All pictures are to be excluded when the data below is output verbatim.
*** Opening DATA PROVIDED ***
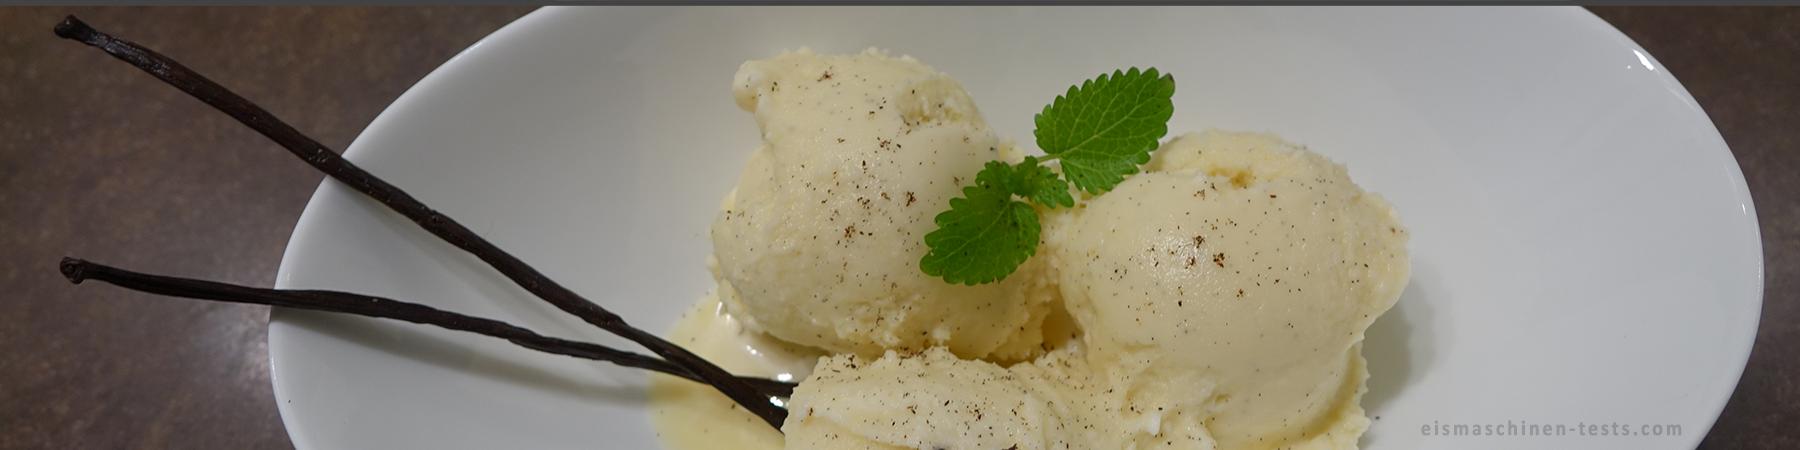 vanilleeis rezept zutaten zubereitung vanilleeis selber machen. Black Bedroom Furniture Sets. Home Design Ideas
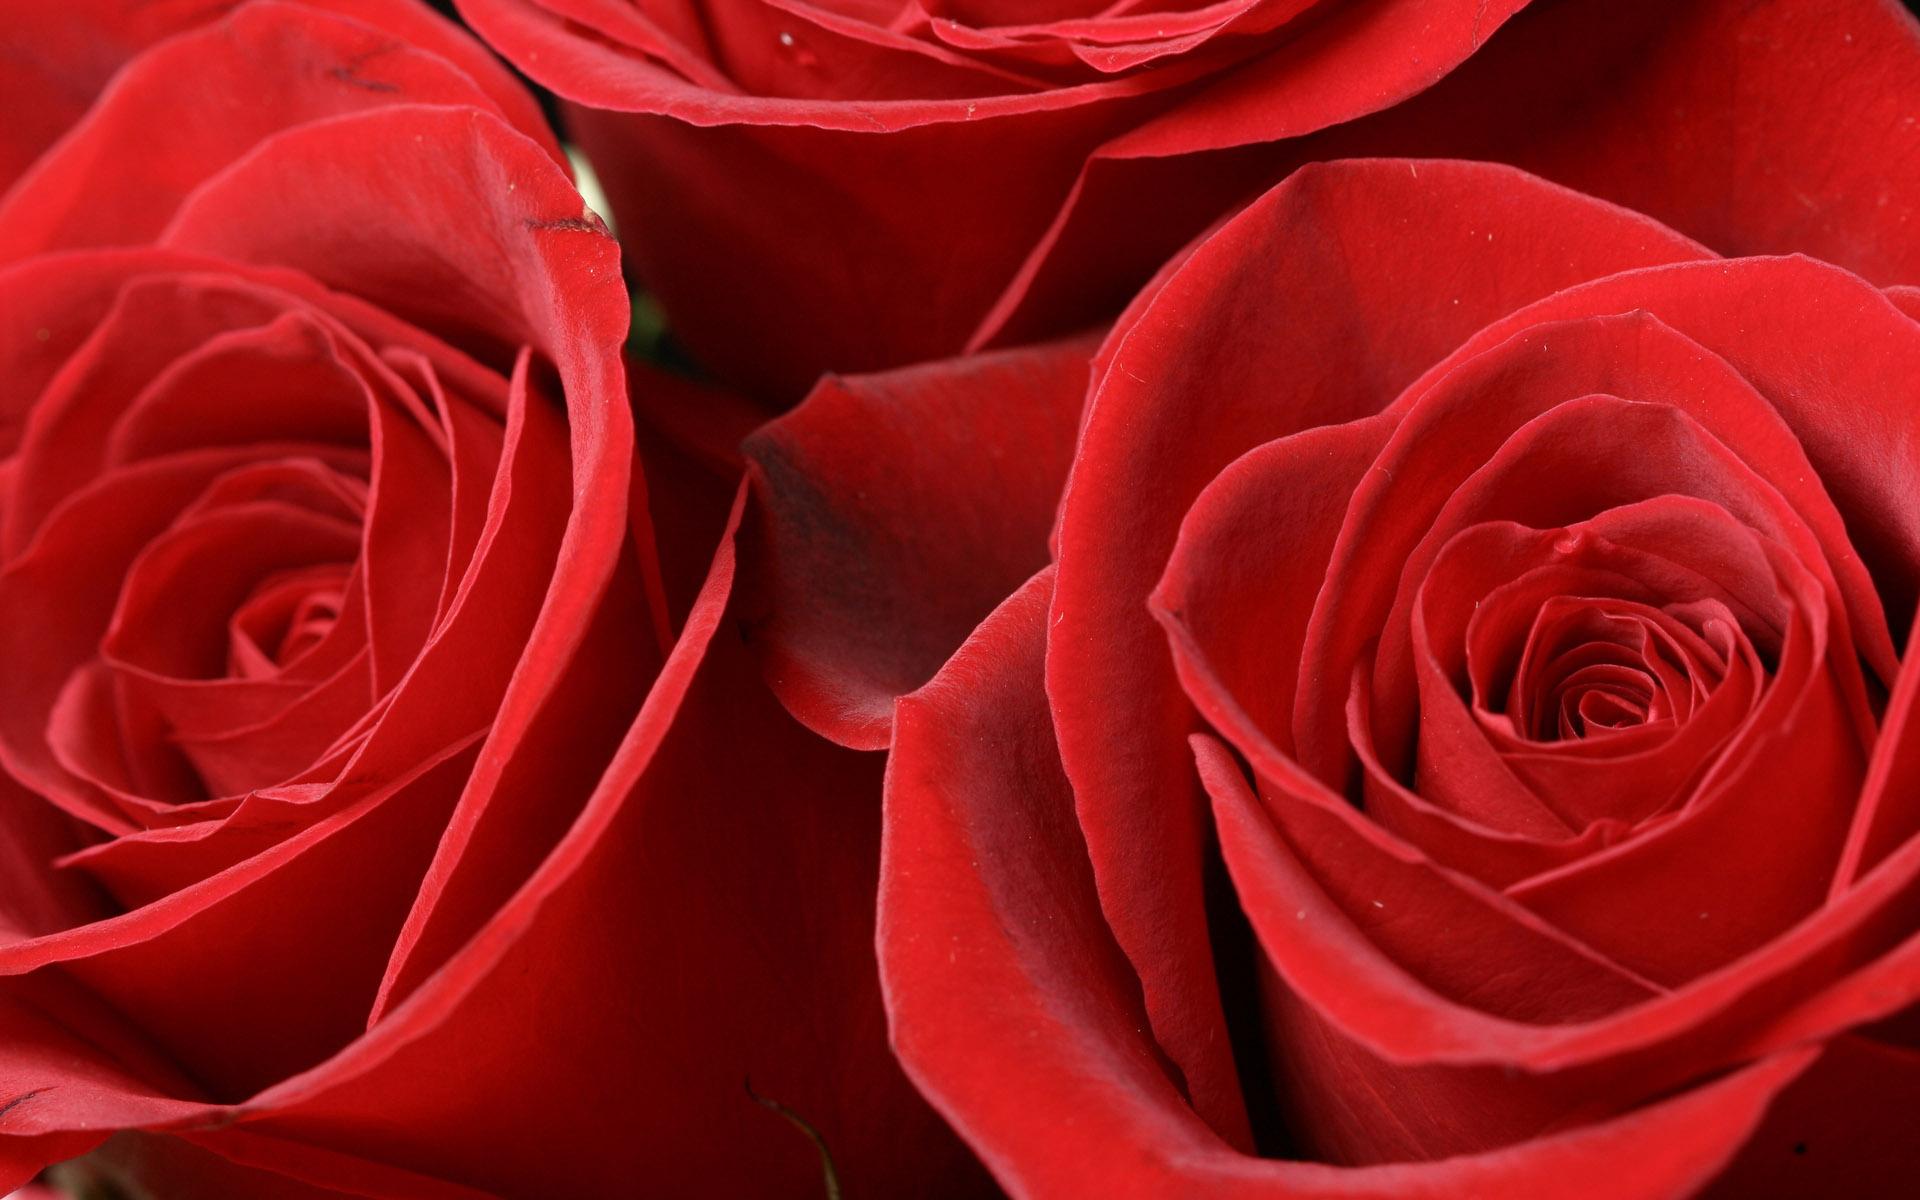 Rose Spagnuolo Obituary - Macomb Township, Michigan - Wujek ...
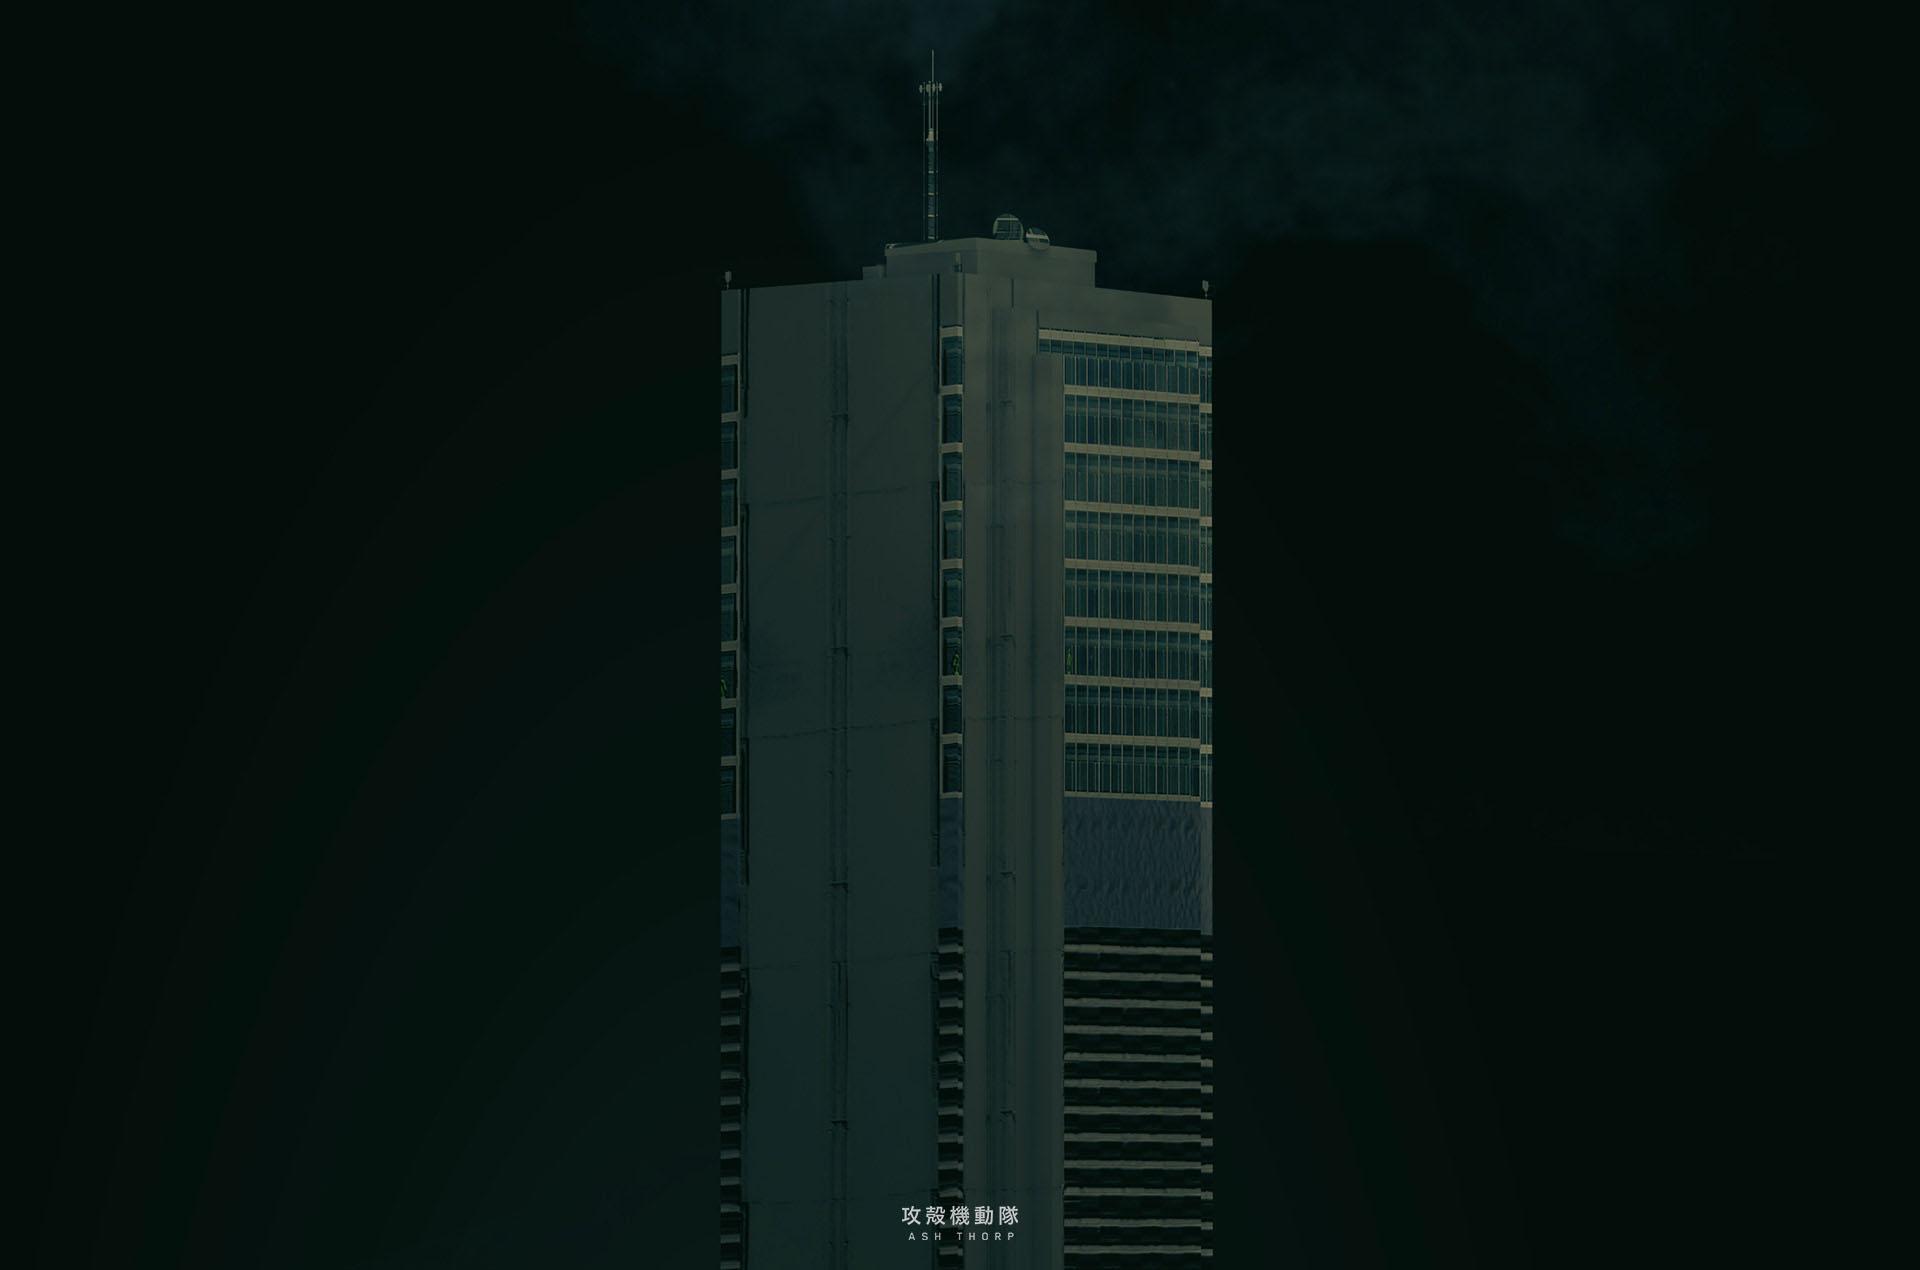 ghost in the shell-elmaaltshift-3
*** Closing DATA PROVIDED ***
## ANSWER SPACE
 vanilleeis rezept zutaten zubereitung vanilleeis selber machen. Black Bedroom Furniture Sets. Home Design Ideas
 Rose Spagnuolo Obituary - Macomb Township, Michigan - Wujek ...
 ghost in the shell-elmaaltshift-3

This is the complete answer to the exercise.